The rights of minority shareholders have been improved in corporate squeeze-outs governed by the Law of Ukraine “on joint-stock companies,” where the owner of 95 percent of a joint-stock company’s shares forces the compulsory sale of the shares of minority shareholders for fair compensation.

After a classic David vs. Goliath battle through the Ukrainian court system, Myron Nayda, executive director of “Ukraine 2050,” recently won an impressive judicial victory (case №910/12591/18) that will enhance the rights of minority shareholders in corporate squeeze-outs in Ukraine.

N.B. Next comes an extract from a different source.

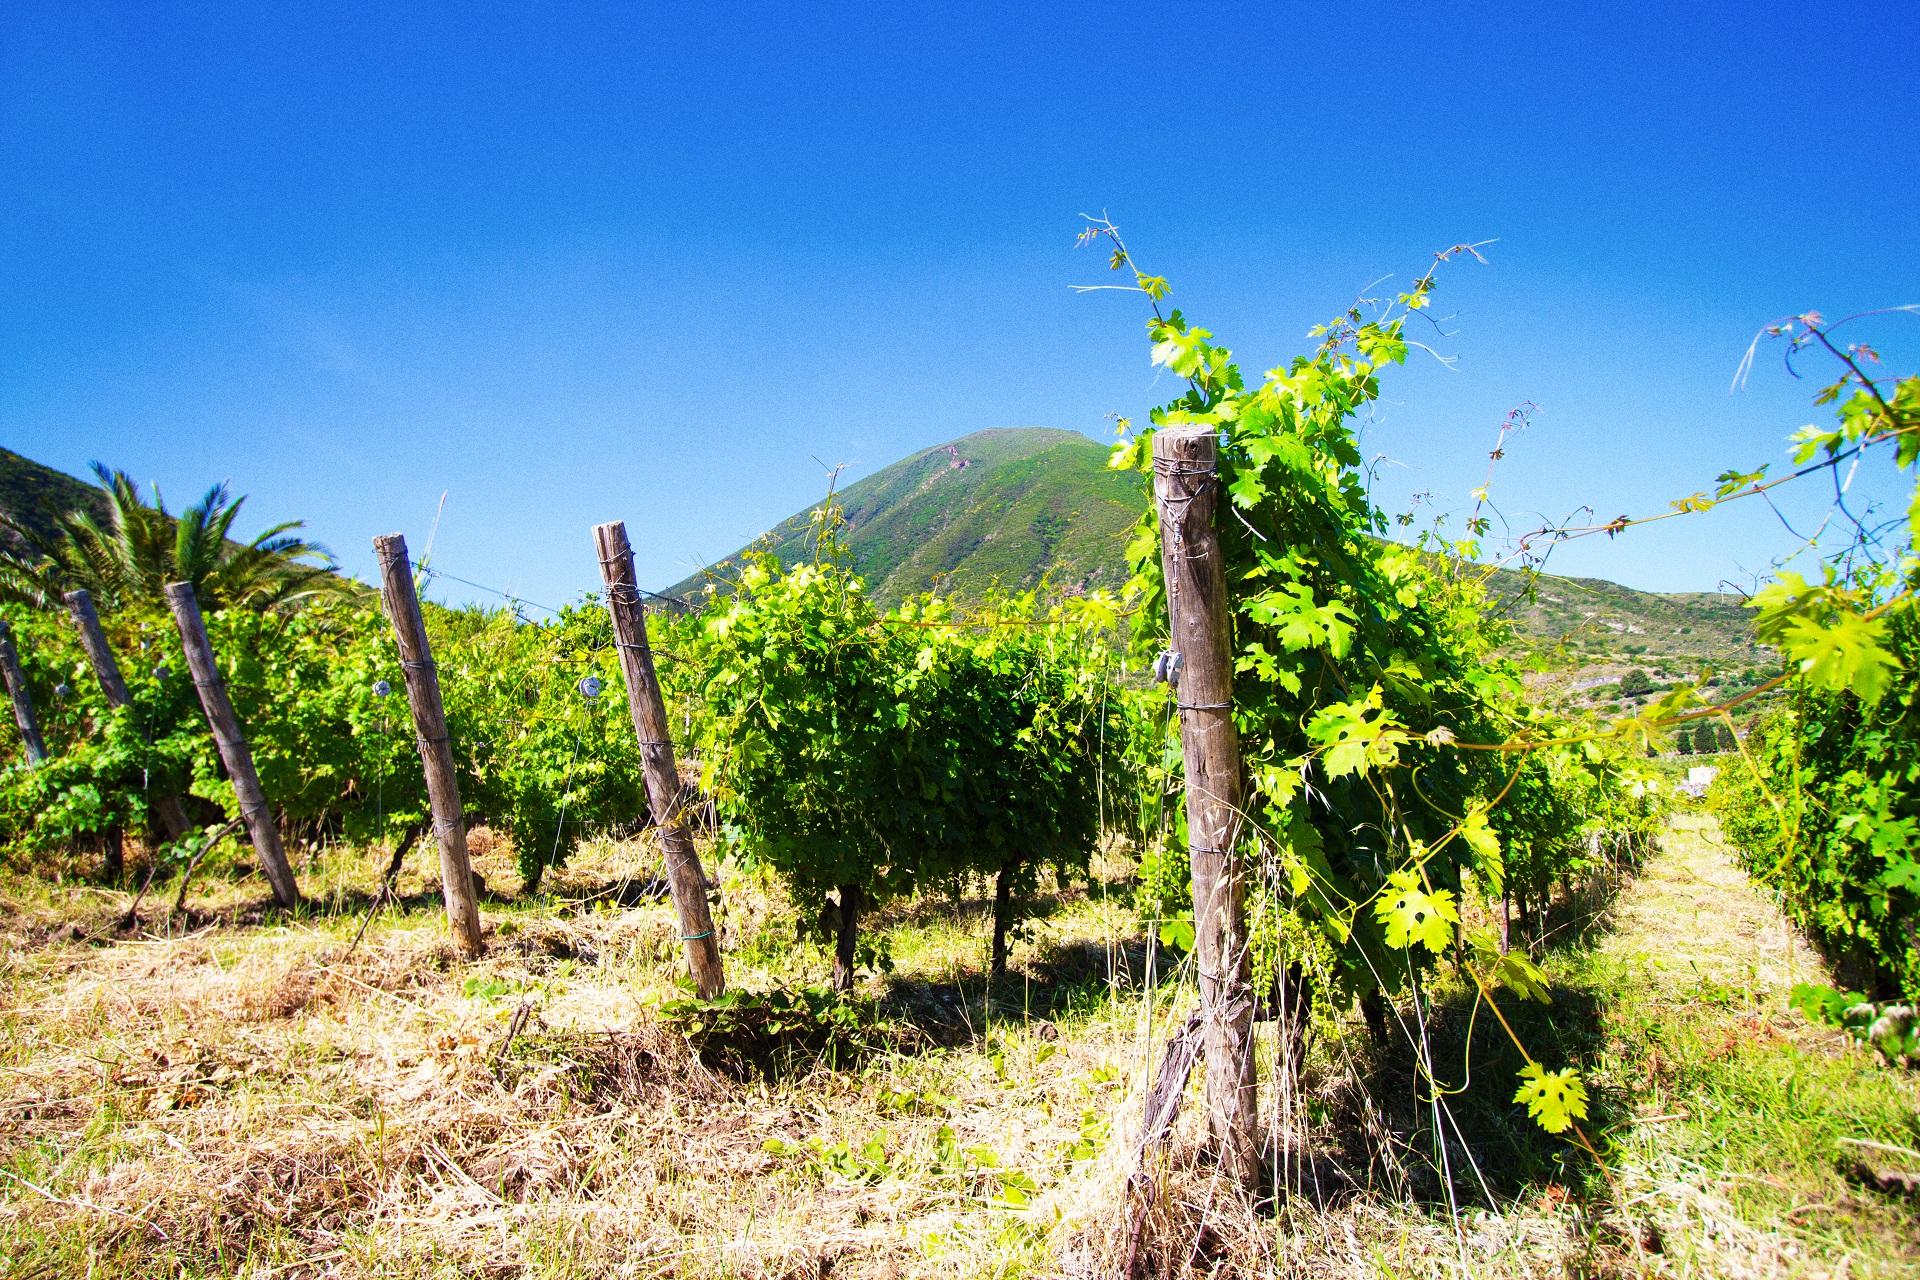 Die Weinfelder auf Salina mit den zwei Bergen im Hintergrund geben ein malerisches Bild ab.

Indeed, on April 28, 2021, Ukraine’s highest court on such matters, the Supreme Court (Commercial Cassation Court), overturned the decisions of the lower courts and ordered DTEK Power Trade LLC, the majority owner of DTEK Dniproenergo JSC, to compensate its minority shareholder, Myron Nayda, for pecuniary losses incurred as a result of the compulsory sale of his shares for an unfair price in the context of a corporate squeeze out.

The shortcoming of this decision is that the Supreme Court did not grant the requests of Myron Nayda to: (1) annul the approval by the supervisory board of the unfair price of the shares; and (2) declare that the price retained by the Supreme Court to determine the compensation in this case іs the fair price for the shares in this corporate squeeze‑out. This would have been perfectly logical under such circumstances and even more beneficial for all the other minority shareholders.

This matter deserves special attention in the development of corporate law of Ukraine since the Supreme Court not only upheld the right of a minority shareholder to demand compensation for having received an unfair price for his shares in the context of a compulsory sale in a corporate squeeze‑out, but also rendered a court-ordered compensation for same instead of only ordering the case to be remitted to the lower courts for further consideration with due deference to the findings of the Supreme Court.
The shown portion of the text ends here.